Generate a unique temp file path: {tempDir}/mathy_capture_{UUID}.png
Run the AppleScript via NSAppleScript on a background queue (DispatchQueue.global)
User draws a selection rectangle on screen
If the file exists after the script returns (user didn't cancel):
- Copy to persistent storage: ~/Library/Application Support/Mathy/images/capture_{timestamp}.png
- Delete the temp file
- Return the persistent URL
If no file exists (user pressed Escape): return nil

The entire operation uses withCheckedContinuation to bridge to async/await.

Image Storage¶

Captured images are stored persistently at:

~/Library/Application Support/Mathy/images/capture_{timestamp}.png

These files are referenced by ConversionRecord.imagePath and displayed in the preview popup. When history entries are deleted (individually or via "Clear All"), the associated image files are also removed from disk.

OCR Service¶

OCRService is the HTTP client that sends captured images to the local Python server for LaTeX recognition.

Request Format¶

POST http://127.0.0.1:8765/predict
Content-Type: multipart/form-data; boundary={uuid}
Timeout: 30 seconds

--{boundary}
Content-Disposition: form-data; name="file"; filename="capture.png"
Content-Type: image/png

{binary image data}
--{boundary}--

The multipart body is constructed manually (no third-party HTTP library).
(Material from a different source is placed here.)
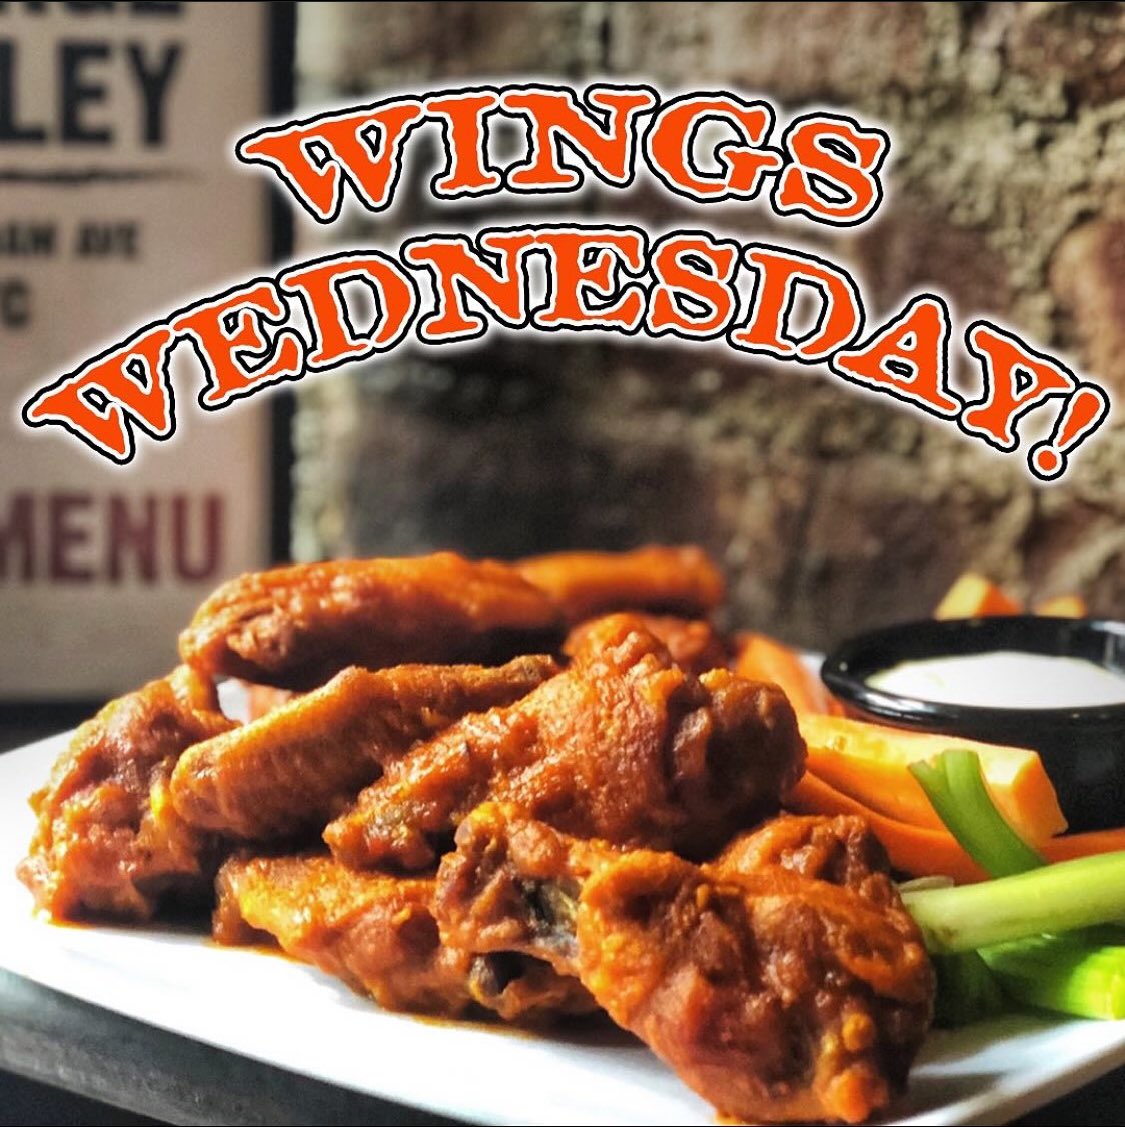 It's #WINGSWEDNESDAY🔥 come thru and enjoy 20%off  while catching ⚾️ as well as more 🏀 playoffs 🍻 #HumpDay #georgekeeley #gknyc #beerisgood #shutupanddrink #drinkamongstfriends #uwsnyc #upperwestsideeats #cheers #pubgrub #chickenwings #buffalowings #hotwings #wingsonwednesdays

A UUID is used as the boundary string.

Response Handling¶

Success (200):

{"latex": "\\frac{a}{b}"}

The latex field is extracted and returned as a String.

Errors:

Code	Meaning	Handling
400	Invalid image	Throws `OCRError.serverError(detail)`
503	Model not loaded	Throws `OCRError.serverError(detail)`
500	Prediction failed	Throws `OCRError.serverError(detail)`
Network error	Server unreachable	Throws underlying `URLError`

Error responses are decoded from {"detail": "..."} when available, with a fallback to a generic HTTP status code message.

Error Types¶

enum OCRError: Error {
    case invalidResponse    // Non-HTTP response
    case httpError(Int)     // Non-200 status (fallback)
    case serverError(String) // Detailed error from server
}

Integration¶

OCRService is called from AppState.startCapture(). Errors are caught and printed to console but not shown to the user (the capture simply appears to fail silently). The service uses URLSession.shared.data(for:) with native async/await — no callbacks or Combine.